In 1972 his official recognition as a Victim of the Nazi regime (Verfolgter des Naziregimes / VdN) was reinstated, and he was accepted back into the ruling SED. However, his autobiographical coloured scenes from his "Journey to Gandesa" about his experiences of the Battle of the Ebro during the Spanish Civil War remained unfilmed, and he terminated his contract with DEFA in 1973, having retired from it in 1972.[1]
During the 1980s Janka wrote articles, traveled several times to West Germany and gave lectures about his experiences in the Spanish Civil War. Finally, barely more than six months before the fall of the Berlin wall, on 1 May 1989 he was awarded the Patriotic Order of Merit (Gold/first class) "in recognition of outstanding services to the creation and development of socialist society in the German Democratic Republic".[13]
As the end of the German Democratic Republic approached, Janka's memoir of his 1956 arrest and subsequent imprisonment was published, in October 1989, by Rowohlt Verlag under the wry title "Difficulties with the truth" ("Schwierigkeiten mit der Wahrheit").[12] Walter Janka suddenly found himself very popular. As German reunification appeared unstoppable, on 4 and 5 January 1990 the Supreme Court met in open session and annulled their 1957 judgement against him. At the same time a legal and journalistic dispute flared between Janka and Wolfgang Harich about the details of those 1957 show trials.[14]

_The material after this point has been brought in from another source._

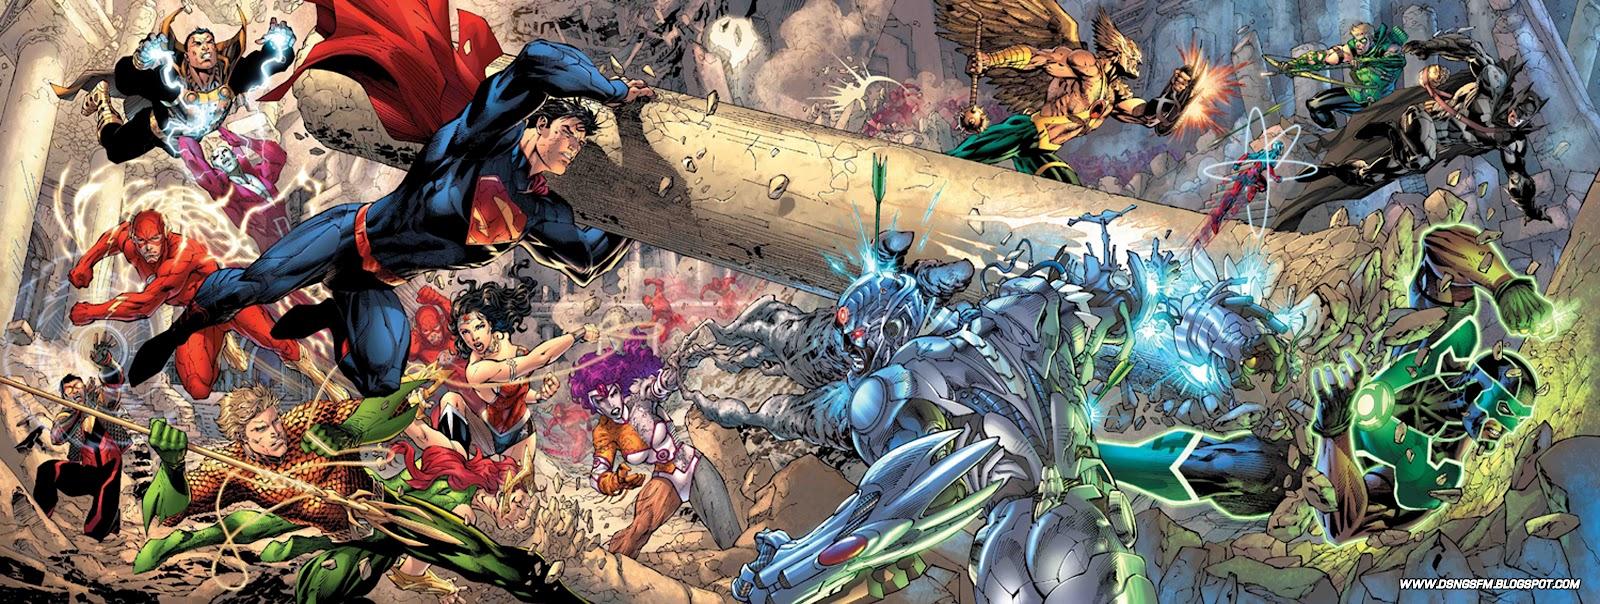 Dsng 39 s sci fi megaverse the best batman beyond cosplay - New 52 wallpaper ...

Janka's contribution to dramaturgy received recognition in the form of the Heinrich Greif Prize in 1990.
On 16 December 1989 Janka was a member of the presidium at the Special Party Congress of the SED (then in the process of transforming itself into the PDS / Party of Democratic Socialism / Partei des Demokratischen Sozialismus) held in Berlin at the Dynamo Sports Hall.
In 1990 he was a member of the "Council of Elders" of the new PDS, but he soon became disappointed with this, and quit.[8]
Walter Janka died in March 1994 in Kleinmachnow and is buried there in the Waldfriedhof (Cemetery in the woods).[15]